From the results in Table 7, soymilk gelled foods with freezing resistance within the permissible range can be obtained without performing a cooling step after the heat treatment step of soymilk, and the temperature is 80 ° C. or lower (5 ° C lower than the product temperature of the heat treatment step). It was found that a soymilk gelled food having excellent freezing resistance can be obtained by performing a step of cooling to a temperature of 65 ° C. or lower (more preferably 65 ° C. or lower than the product temperature of the heat treatment step).

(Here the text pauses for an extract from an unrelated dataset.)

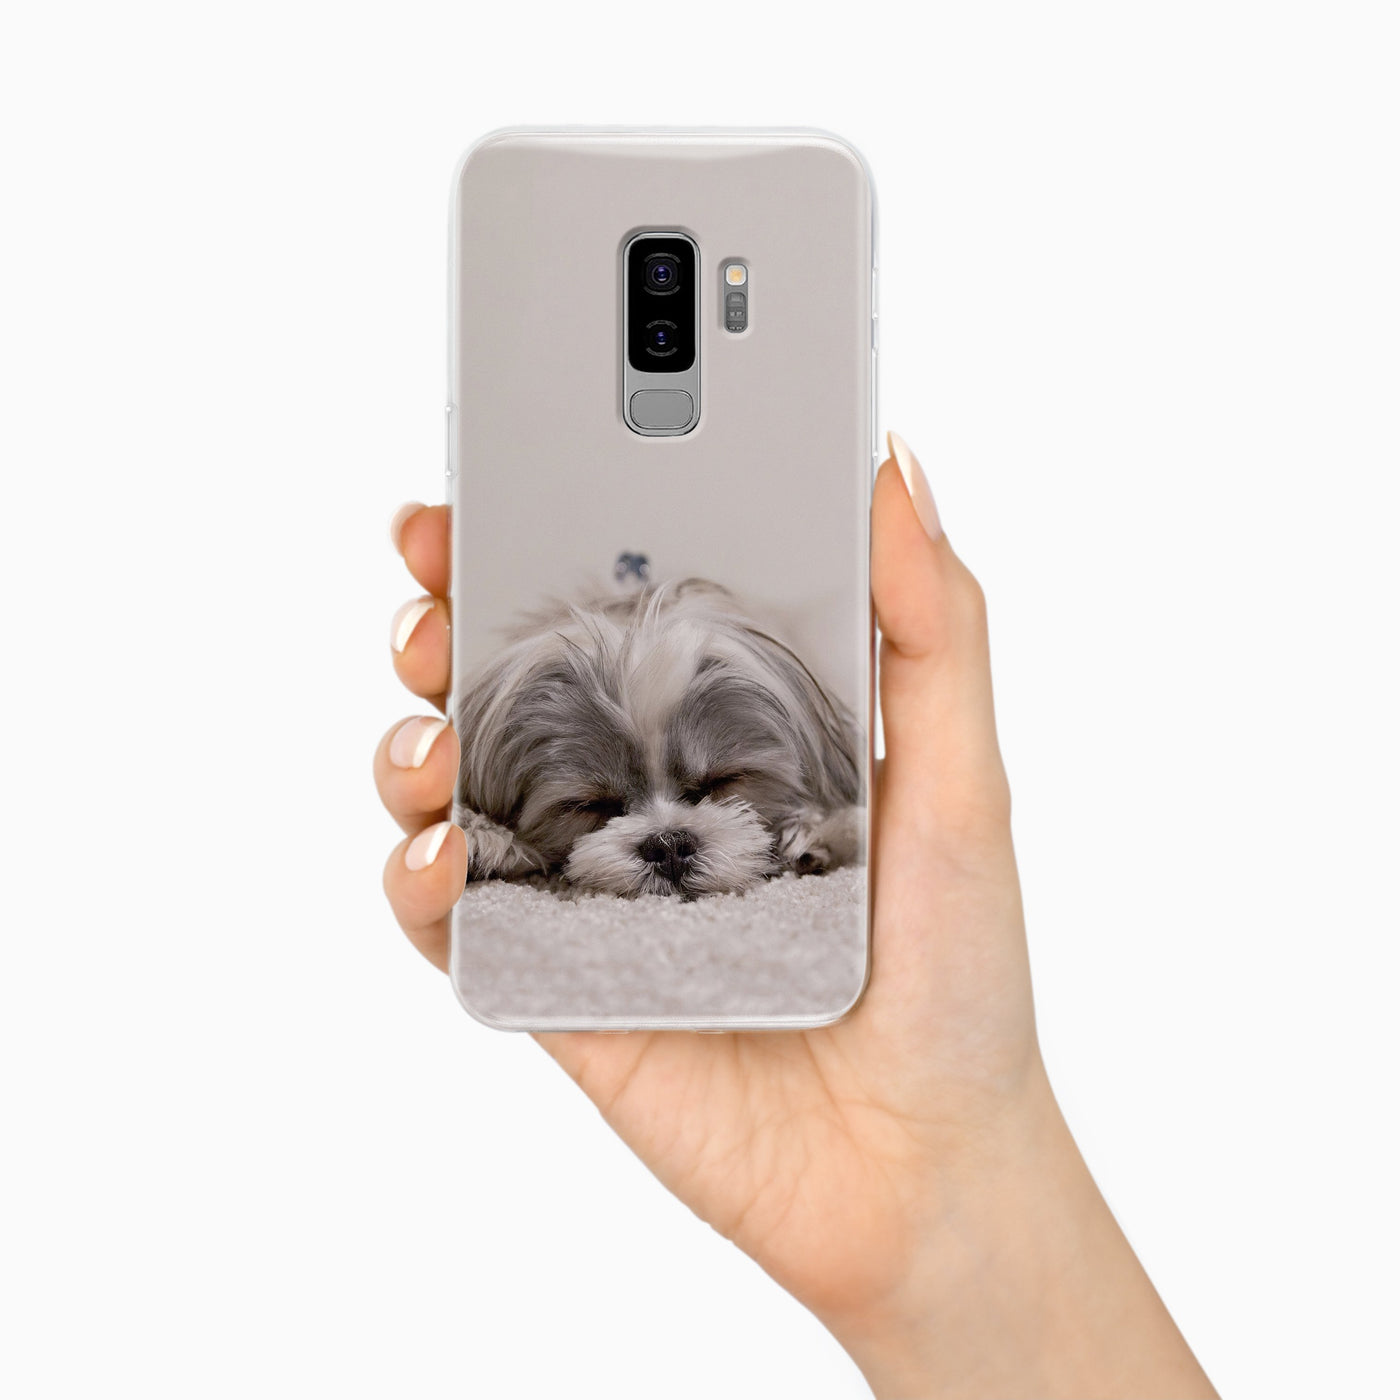 Samsung Galaxy S9 Plus Handyhülle selbst gestalten

[Test 6 Test of commercial soymilk]
Commercially available "unadjusted soymilk" (manufactured by Fuji Oil Co., Ltd.), "delicious unadjusted soymilk" (manufactured by Kikkoman Soy Foods), "organic soymilk" (manufactured by Tokyo Meiraku), "organic" instead of the soymilk of Production Example 1. A frozen soymilk gelled food was produced according to Production Example 2 using “Soymilk unadjusted” (manufactured by Marusan Eye Co., Ltd.). In each case, water separation and texture change did not occur before and after freezing and thawing, and the same sensory evaluation results as in Example 2 were obtained.

Claims (8)

A soymilk gelled food in which a solution containing pretreated soymilk is solubilized with a gelling agent, and the pretreated soymilk is treated by heating the soymilk at a product temperature of 70 to 100 ° C. for 5 minutes. Soymilk gelled foods, which are soymilk and contain trehalose and / or oligosaccharides (provided that the properties of the pretreated soymilk are such that the pretreated soymilk is centrifuged at 1400 G for 10 minutes. Except when the amount of soymilk precipitated is 1.2% by volume or less of the pretreated soymilk). The soymilk gelled food according to claim 1, wherein the pretreated soymilk is a soymilk obtained by subjecting the pretreated soymilk to a process of cooling the soymilk so that the product temperature of the soymilk is 5 ° C. or higher lower than the heat treatment temperature following the heat treatment. The soymilk gelled food according to claim 1 or 2, further comprising processed starch. A frozen soymilk gelled food obtained by freezing the soymilk gelled food according to any one of claims 1 to 3. A pretreatment step including heating the soymilk at a product temperature of 70 to 100 ° C. for 5 minutes, and heating by adding a gelling agent, trehalose and / or oligosaccharide and arbitrary water to the pretreated soymilk. A method for producing soymilk gelled food, which comprises a step of dissolving, then cooling and immobilizing (however, the nature of the pretreated soymilk is that the pretreated soymilk was centrifuged at 1400 G for 10 minutes. Except when the amount of precipitation is 1.2% by volume or less of the pretreated soymilk). The method according to claim 5, wherein in the pretreatment step, a treatment for cooling the soymilk so that the product temperature of the soymilk is 5 ° C. or more lower than the heat treatment temperature is performed following the heat treatment. The method according to claim 5 or 6, wherein the modified starch is further added in the non-fluidization step. A method for producing a frozen soymilk gelled food, which comprises a step of freezing the soymilk gelled food obtained by the production method according to any one of claims 5 to 7.